Present: RUGG, C.J., HAMMOND, SHELDON, DeCOURCY, JJ.
In an action against a street railway corporation for personal injuries from being run into by a car of the defendant when the plaintiff was driving a pair of horses attached to a covered express wagon, there was evidence on which it could have been found that the plaintiff was driving on a city street with the right hand wheels of his wagon close to the curbstone on the right hand side of the street, where the nearest rail of the defendant's tracks was twelve feet distant from the curbstone, and that he was approaching an intersecting street at the corner of which a curved track of the defendant came within three feet of the curbstone, that on the track by the side of which the plaintiff was driving the defendant's cars were running as often as once a minute, more than one half of them proceeding straight ahead in the direction in which the plaintiff was going, and the others turning by a switch around the curve into the intersecting street, that a short distance behind the plaintiff a car was approaching on the straight track, that the motorman was driving it slowly on account of the congested traffic, that the plaintiff's wagon was in plain sight and apparently about to cross the intersecting street, when the defendant's motorman, without ringing any warning gong, entered upon the curved track which crossed the plaintiff's path and ran the car into the wagon behind its forward left wheel, causing the injuries sued for. There was no direct evidence that the plaintiff listened and no evidence that he looked backward before driving upon the curved track, but according to some of the evidence, even if he had looked backward when the horses reached the curved track, he then would have seen the car upon the straight track and apparently proceeding to cross the intersecting street instead of turning the corner. Held, that there was evidence for the jury of due care on the part of the plaintiff and of negligence on the part of the defendant.
A.T. Smith, for the plaintiff.
E.P. Saltonstall, for the defendant.
This action was brought by William E. Morrissey to recover for personal injuries; and he is hereinafter referred to as the plaintiff although the action is now being prosecuted by his administrator. The collision complained of occurred between six and seven o'clock, in the evening of January 31, 1908, at the corner of Dorchester Avenue and West Fourth Street in South Boston. The defendant company maintained double tracks on both streets. At the time of the accident cars were running southerly on Dorchester Avenue as often as once a minute, more than one half of them proceeding straight down the avenue and the others turning into West Fourth Street by means of a switch and curved track. On the avenue the nearest westerly rail was twelve feet from the curbstone, and the curved rail, in turning the corner into West Fourth Street, approached to within three feet of the curb.
The plaintiff was driving a two horse, covered express wagon and was going southerly along Dorchester Avenue, with his right hand wheels close to the curb of the westerly sidewalk, when the collision occurred.
The trial judge directed a verdict for the defendant.
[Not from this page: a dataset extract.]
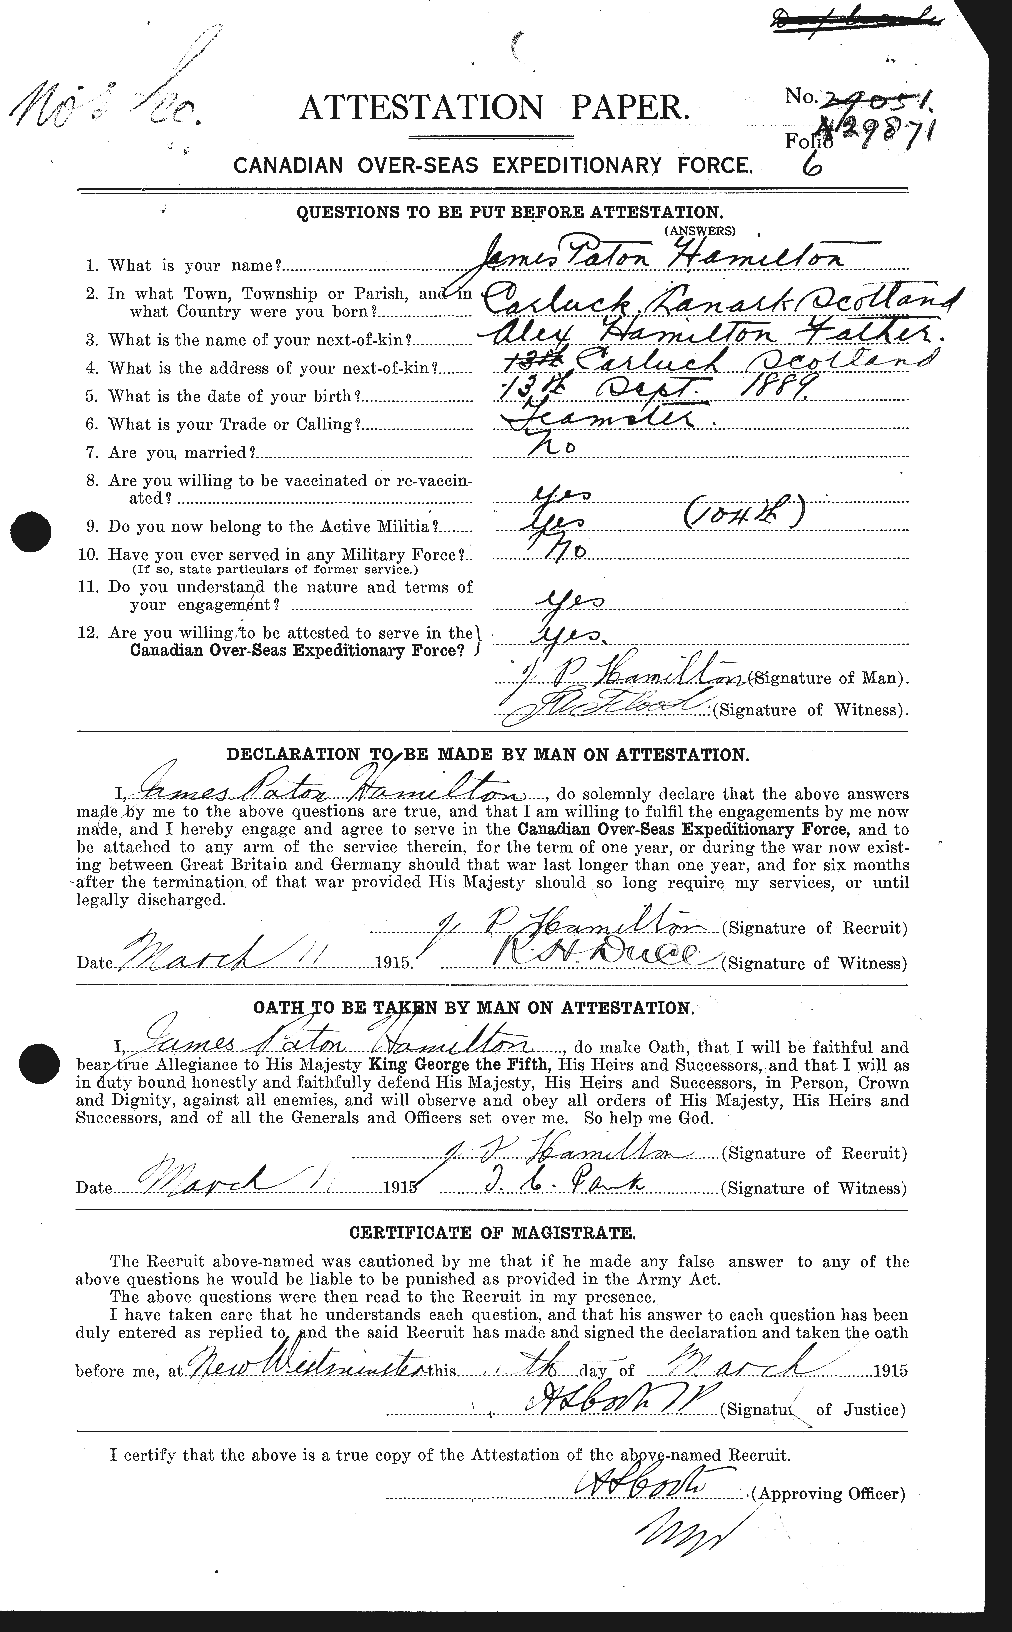 Personnel Records of the First World War - CEF 372993a

The question before us is whether, upon the view of the testimony most favorable to the plaintiff, there was evidence of his due care and of the motorman's negligence proper for the consideration of the jury. Sellon v. Boston Elevated Railway, 208 Mass. 507.
Morton, J.
There was evidence on which the jury would have been warranted in finding that the motorman was driving his car slowly on account of the congested traffic; that the plaintiff's team was proceeding in the same direction, a short distance ahead of the car and in plain sight, and apparently about to cross West Fourth Street; and that the motorman, without ringing any warning gong, entered upon the curved track which crossed the plaintiff's path and ran the car into the wagon behind the forward left wheel. This made the question of the defendant's negligence one of fact for the jury, notwithstanding that the witnesses called by it testified that the wagon ran into the car.
Although the case is closer on the issue of the plaintiff's due care, this question also was for the jury on the testimony of his witnesses. Upon their story we have virtually a rear end collision, with no warning signal of the car's approach. Kerr v. Boston Elevated Railway, 188 Mass. 434. Callahan v. Boston Elevated Railway, 205 Mass. 422. There is no direct evidence that the plaintiff listened, but he might well assume that the motorman would sound the gong before changing the course of the car and attempting to cross the path of the team. And if any duty to look devolved upon the plaintiff under the circumstances, the jury might consider that his look should be forward toward the intersecting street which he was approaching. According to some of the evidence, even if he had looked backward when the horses reached the curved track, he would have seen the car on the straight track and apparently proceeding as if to cross West Fourth Street. And on the plaintiff's version of the accident the collision would not have occurred if the car had remained on the straight track.
Exceptions sustained.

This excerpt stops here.